What does this sound like?

What regions are making sound? Original Video Estimated Volume

What sounds are they making? Original Video Embedding (projected and visualized as color)

Adjusting Volume

Learning audio-visual correspondences ( ( , , ) , ) ( , ( , real or fake? Slide credit: Andrew Owens

Learning audio-visual correspondences ( , ) ( , “moo” real or fake ? Slide credit: Andrew Owens

Idea #1: random pairs ( , ) ( , Arandjelovic, Zisserman. ICCV 2017 Slide credit: Andrew Owens

Arandjelovic, Zisserman. ICCV 2017

Vision hidden units Arandjelovic, Zisserman. ICCV 2017

Sound hidden units Arandjelovic, Zisserman. ICCV 2017

Sound Recognition Arandjelovic, Zisserman. ICCV 2017

Visual Recognition Linear classifier on top of features (ImageNet) Arandjelovic, Zisserman. ICCV 2017

Idea #1: random pairs ( , ) ( , Slide credit: Andrew Owens

Idea #2: time-shifted pairs ( ( , , ) Slide credit: Andrew Owens

Idea #2: time-shifted pairs Slide credit: Andrew Owens

Fused audio-visual representation Aligned vs. misaligned 3D Convolution 3D Convolution 3D Convolution 1D Convolution 3D Convolution 1D Convolution 1D Convolution Slide credit: Andrew Owens

Fused audio-visual representation Aligned vs. misaligned 3D Convolution 3D Convolution 3D Convolution + concat at 1D Convolution 3D Convolution “conv2” 1D Convolution 1D Convolution Slide credit: Andrew Owens

What does the network learn? Aligned vs. misaligned Class activation map (Zhou et al. 2016) Aligned vs. misaligned Slide credit: Andrew Owens

Top responses per category (speech examples omitted) Dribbling basketball

Dribbling basketball

Playing organ

Chopping wood

Application: on/off-screen source separation Good morning! Guten Morgen! Task: separate on-screen sounds from background noise Slide credit: Andrew Owens

Creating training data On-scr Synthetic sound mixture On-screen Off-screen + Slide credit: Andrew Owens VoxCeleb

On/off-screen source separation On-screen Off-screen + Multisensory features Regression Frequen STFT Time Slide credit: Andrew Owens

On/off-screen source separation On-screen Off-screen + u-net concat (Ronneberger 2015) Frequen Time Slide credit: Andrew Owens

On/off-screen source separation On-screen Off-screen Training: 4-sec. videos • Inverse STFT VoxCeleb + AudioSet • d + L 1 loss on log spec. • No labels or face detection • u-net concat (Ronneberger 2015) Frequen Time Slide credit: Andrew Owens

Input video

On-screen prediction

Off-screen prediction

Input video

On-screen prediction

Vision and Sound Computer Vision Fall 2018 Columbia University - PowerPoint PPT Presentation

Vision and Sound Computer Vision Fall 2018 Columbia University Single-modality video representations Vision Hearing 1D Convolution 3D Convolution 1D Convolution 3D Convolution 1D Convolution 3D Convolution Slide credit: Andrew Owens

1 Timing: Used to locate sound sources Auditory System: Demands Frequency (logarithmic,

Distance Sensors: Sound, Light and Vision THOMAS MAIER SEMINAR: INTELLIGENT ROBOTICS 1

Sound 1 Sound "50% of the movie experience is sound - George Lucas Sound is used

? Message sound Message P(wolf|sound) P(sound| wolf) x P(wolf) 1 9/4/19 P(sound| wolf)

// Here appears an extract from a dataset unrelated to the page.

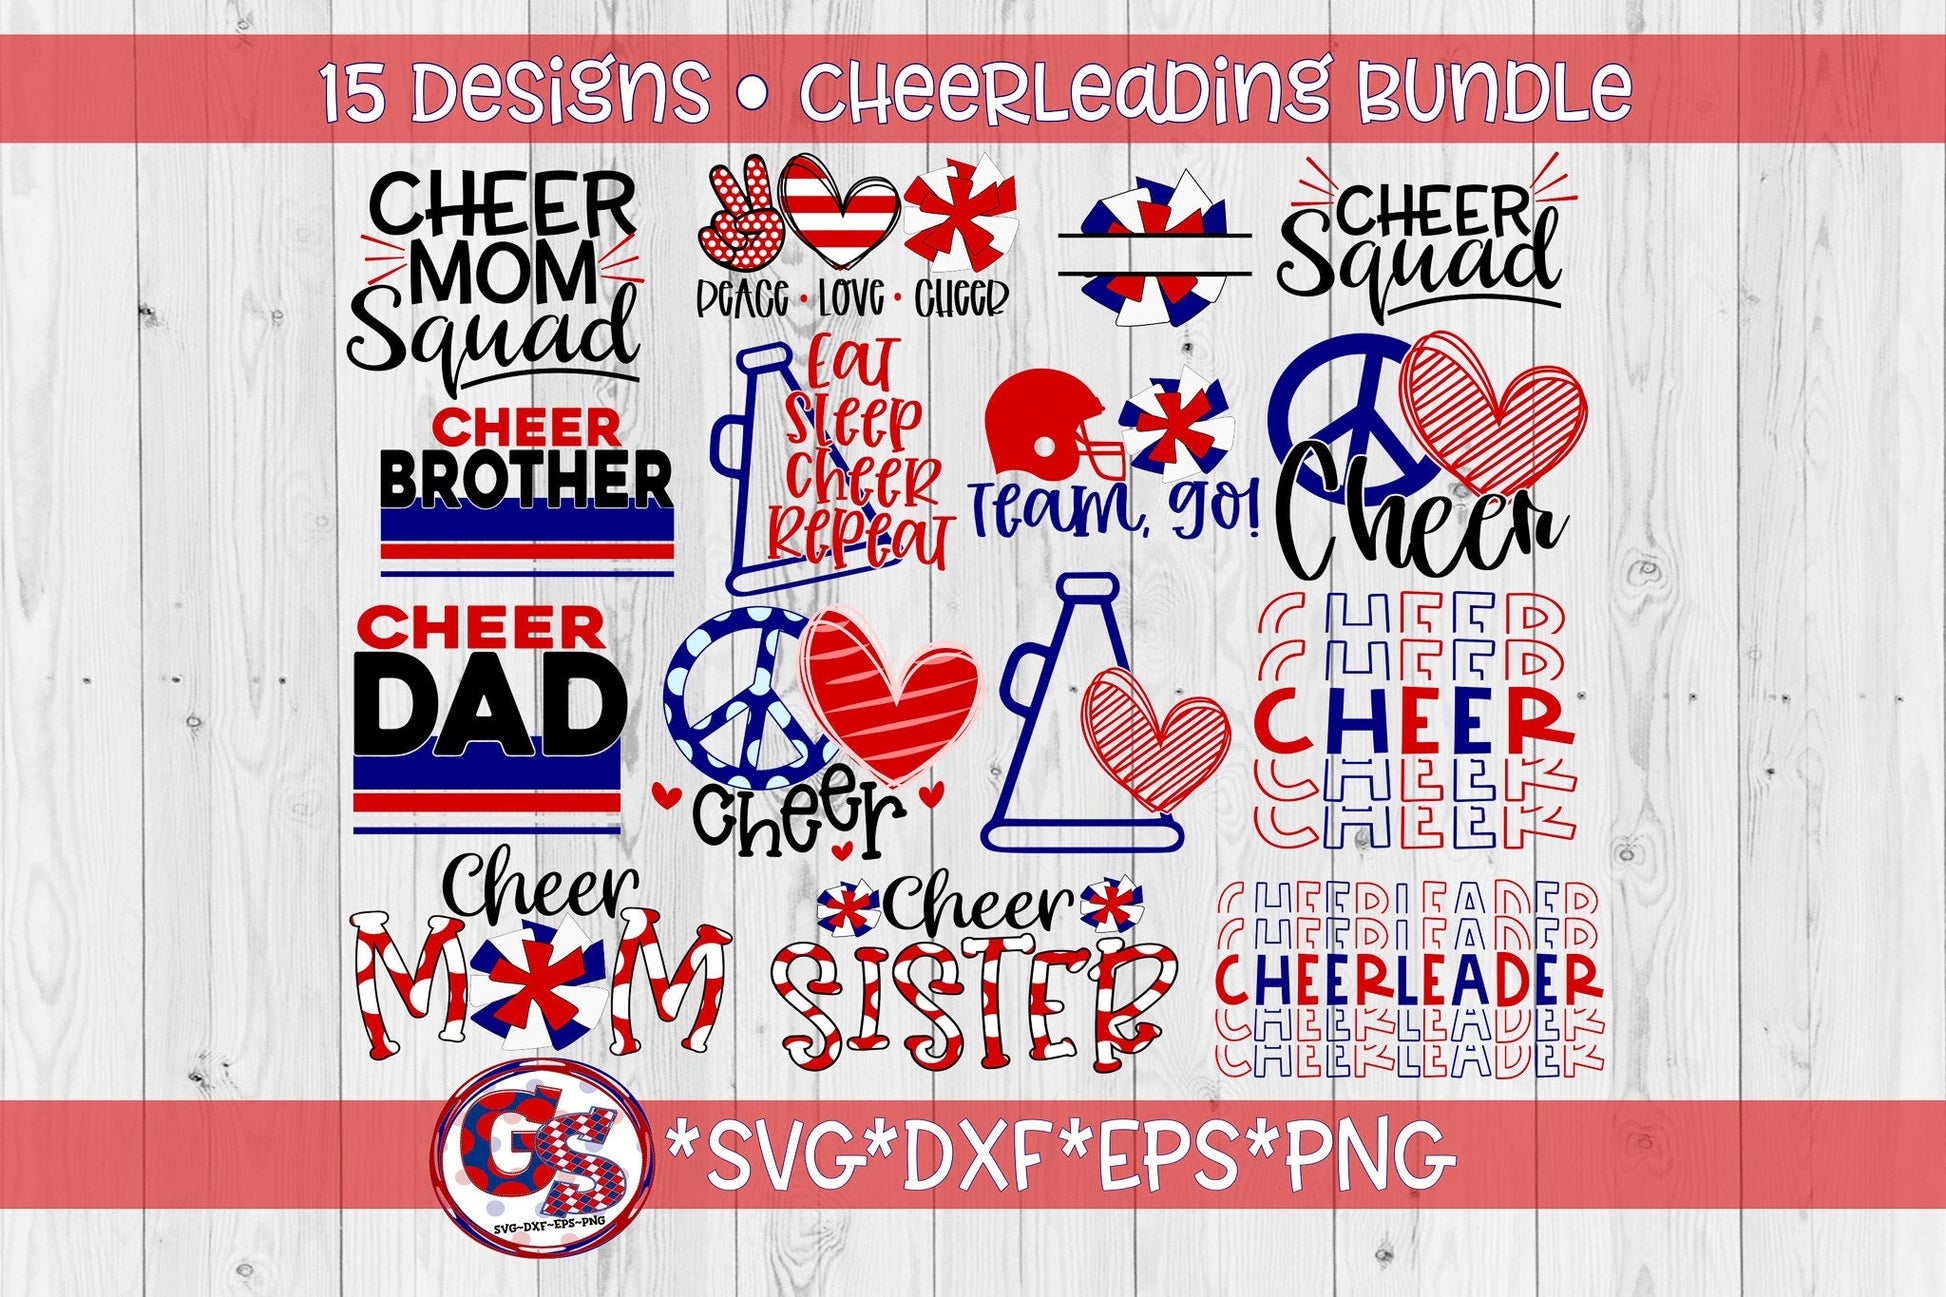 Cheerleader Bundle svg | Cheer svg | Megaphone | Cheer Mom svg, dxf, eps, png. Cheer Dad SvG | Cheer SvG | Instant Download Cut Files

OMF East and TOD Vision Design and Construction Open House June 22, 2017 On Site Agenda

Vision : A healthy Puget Sound environment as defined by diverse natural ecosystems and

SOUND SOUND Wha hat is t is sound sound? Click on the image below to find out. Sounds are

Sound & Editing Lily, Matt, Mei, Michaela Sound WHAT IS SOUND? An audible vibration of the

Sound Slide 2 / 50 Characteristics of Sound Sound can travel through any kind of matter, but

West Parry Sound Area Recreation and Culture Centre The Vision The West Parry Sound Area Joint

CSM-EE727 6 Seconds of Sound and Vision: Creativity in Micro-Videos Authors Miriam Redi, Neil

CCA Vision Excellence through Active Learning and Sound Character Sports CCAs Motto Win with

Physics of Sound What is sound? Vibrations that travel through the air (or another medium)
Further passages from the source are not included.